(Dataset content begins)

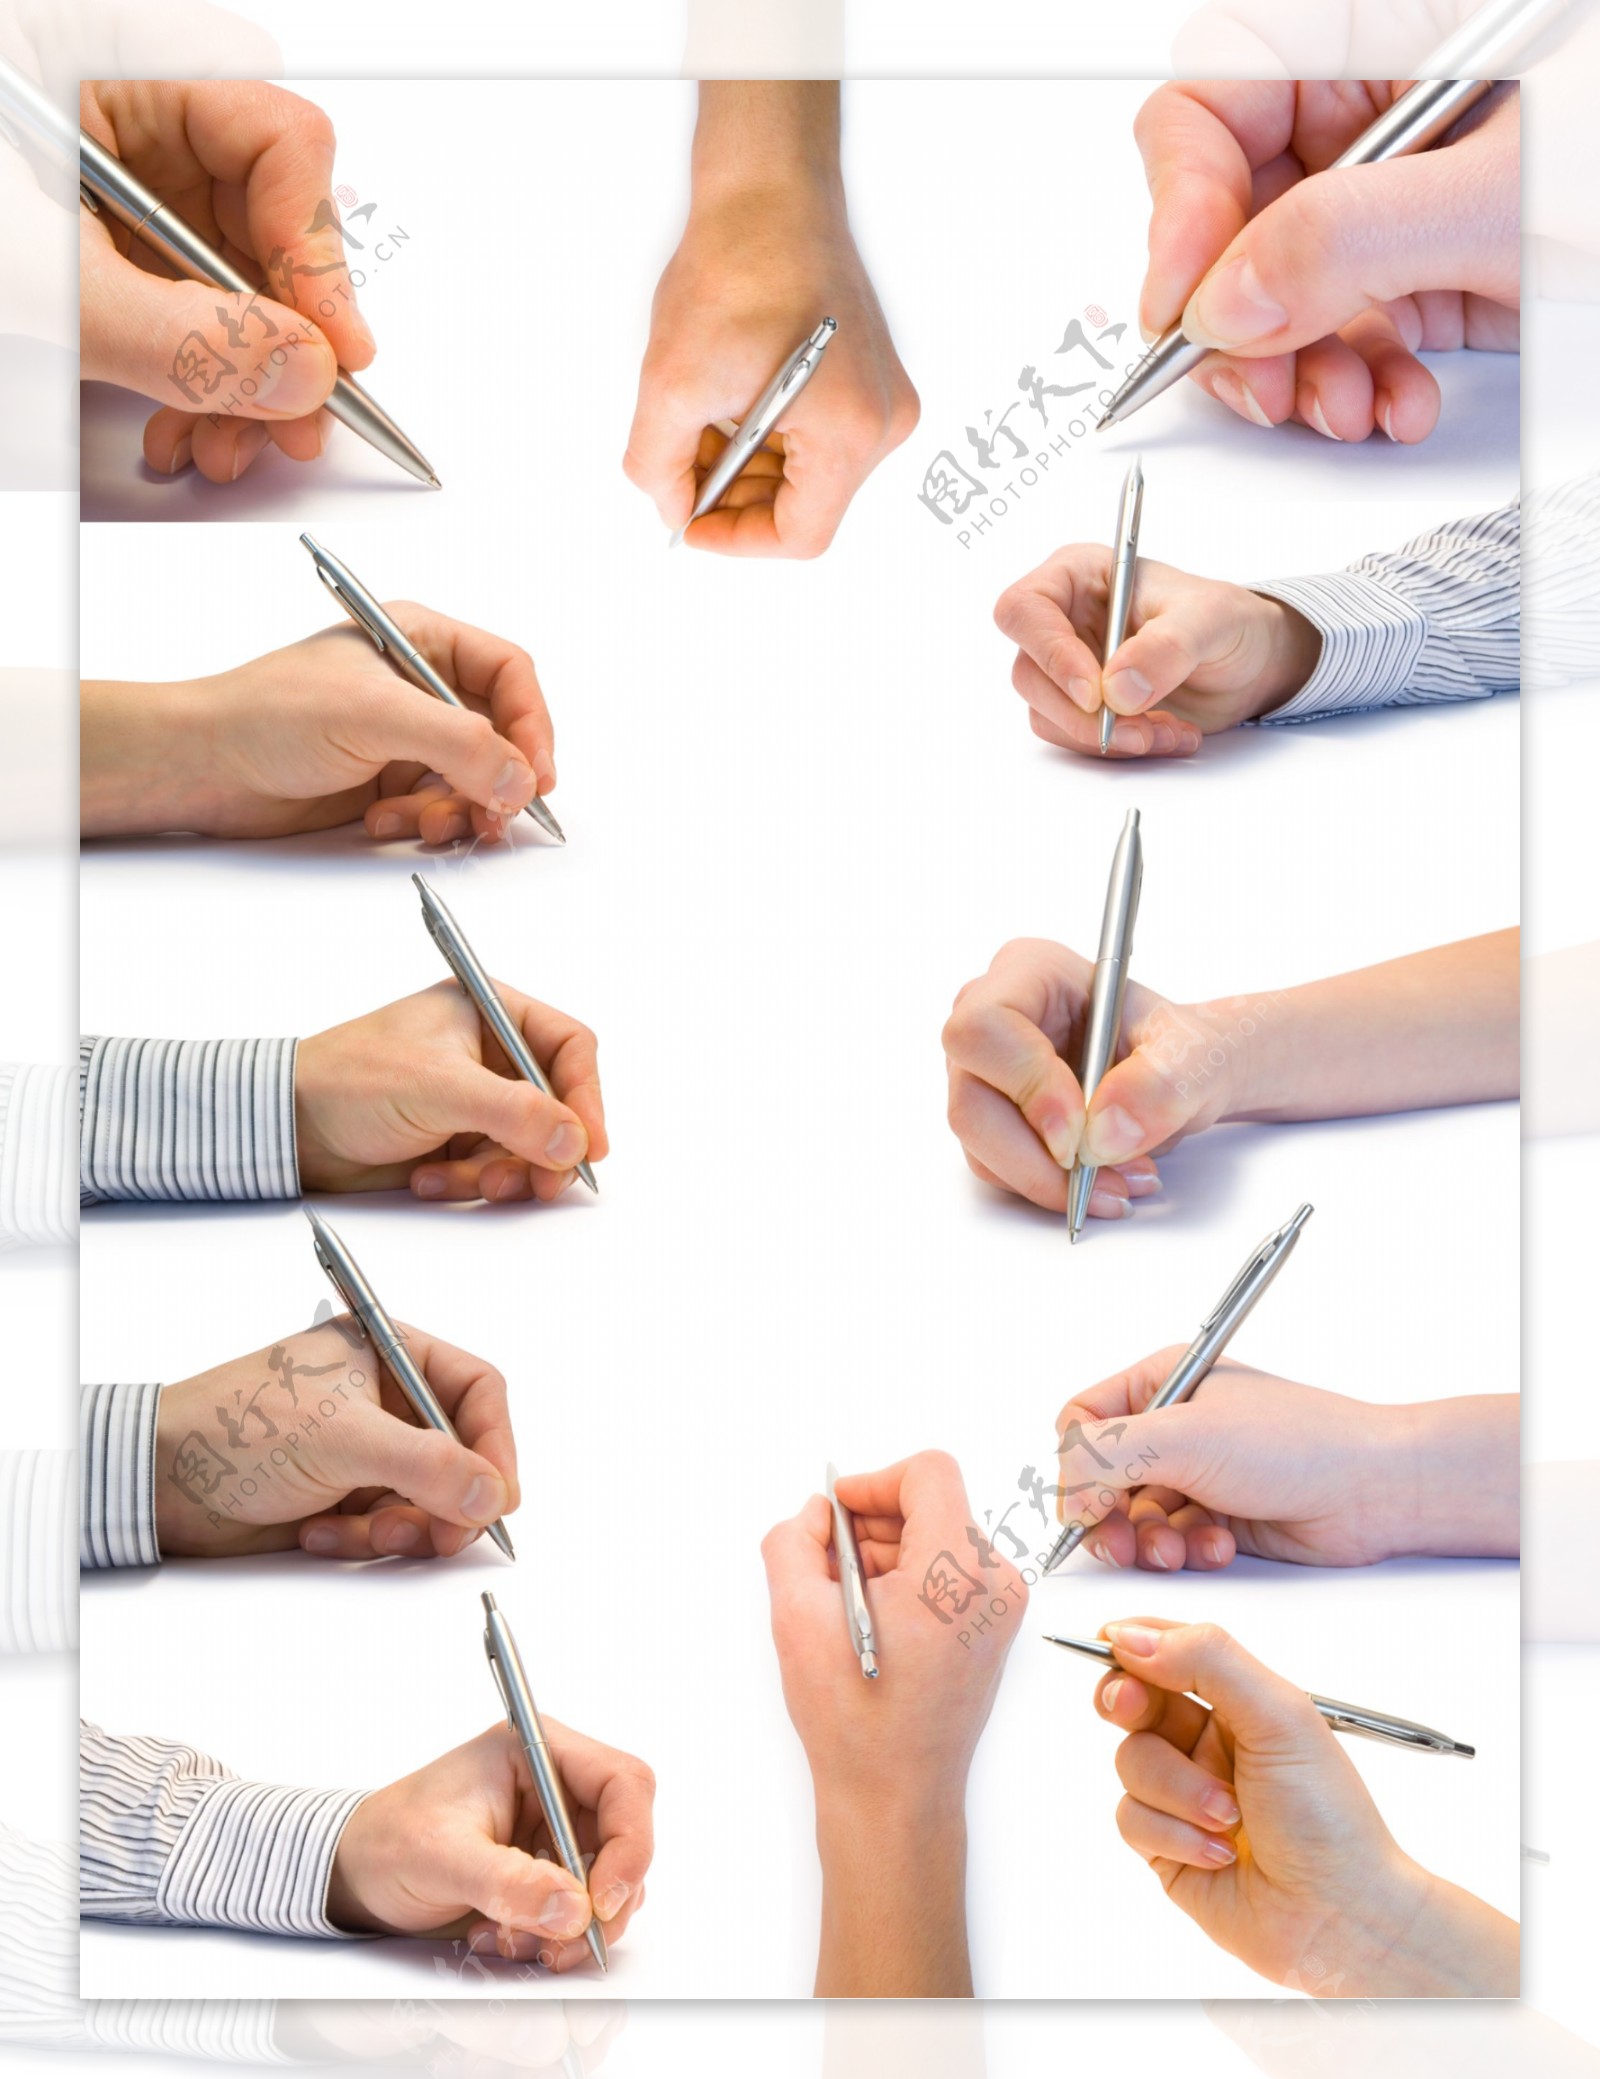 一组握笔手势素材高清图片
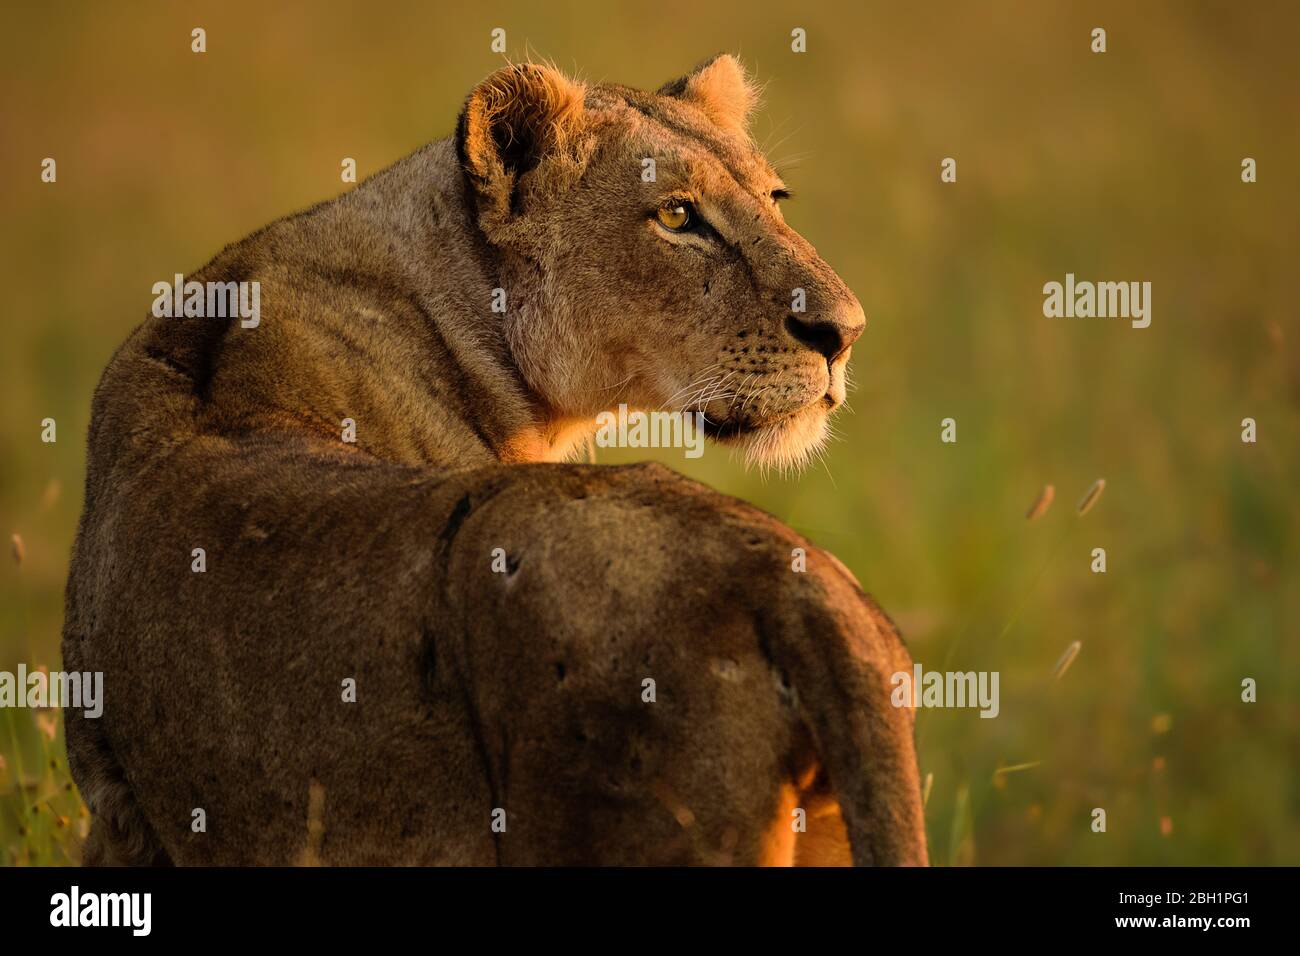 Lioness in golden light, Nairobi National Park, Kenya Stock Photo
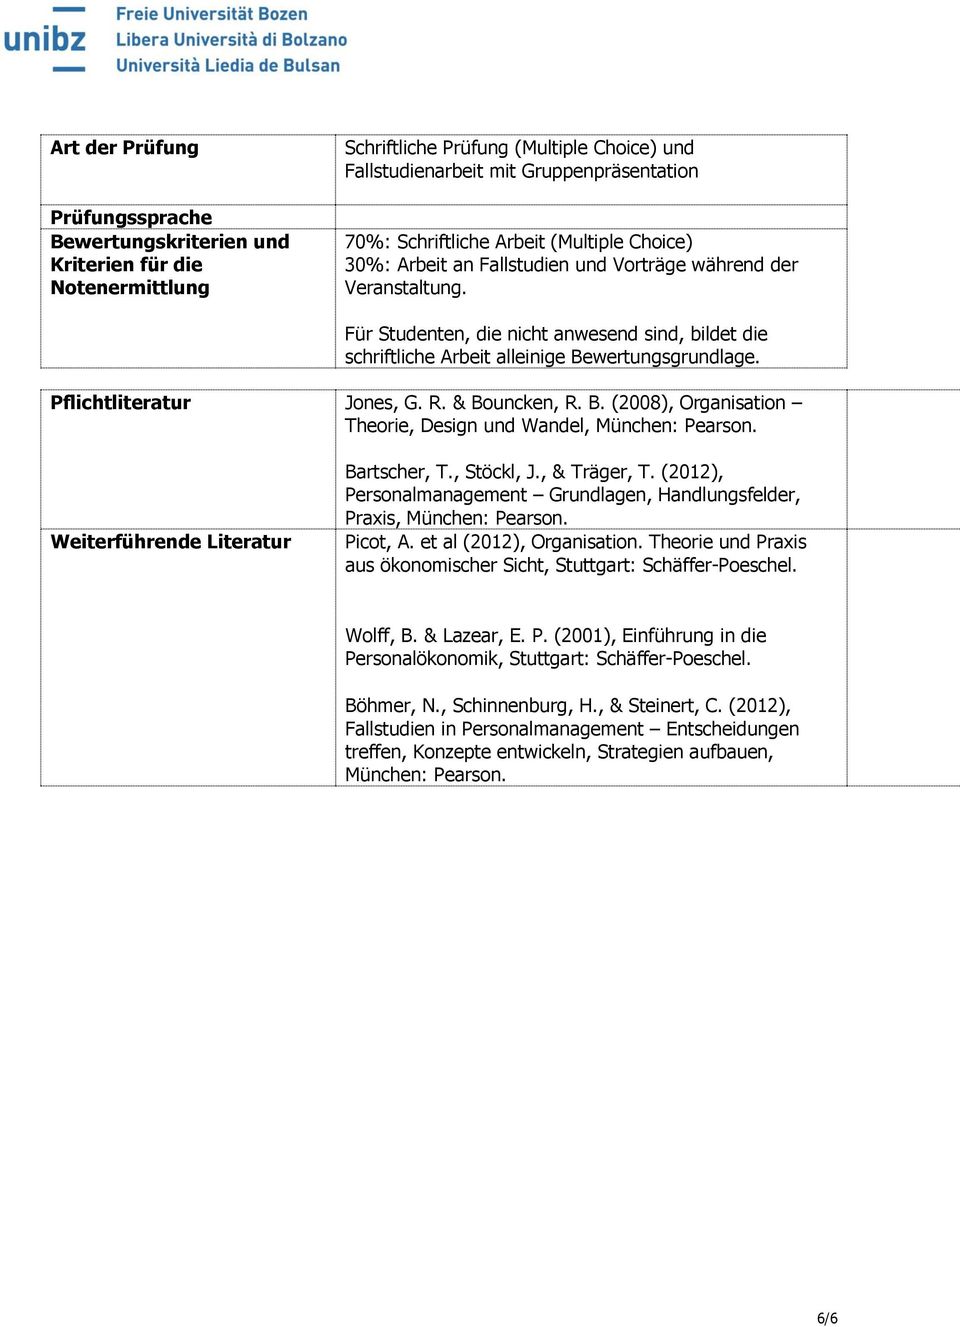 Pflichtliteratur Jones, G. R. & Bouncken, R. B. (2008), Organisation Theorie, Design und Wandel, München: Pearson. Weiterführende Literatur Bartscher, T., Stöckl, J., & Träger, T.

(Dataset content ends)

Task directions: Output nothing but the lines from the line with "Lioness in golden" through the last line of the material above, please, word for word and without the pictures.

Completed task:
 Lioness in golden light, Nairobi National Park, Kenya Stock Photo
 Pflichtliteratur Jones, G. R. & Bouncken, R. B. (2008), Organisation Theorie, Design und Wandel, München: Pearson. Weiterführende Literatur Bartscher, T., Stöckl, J., & Träger, T.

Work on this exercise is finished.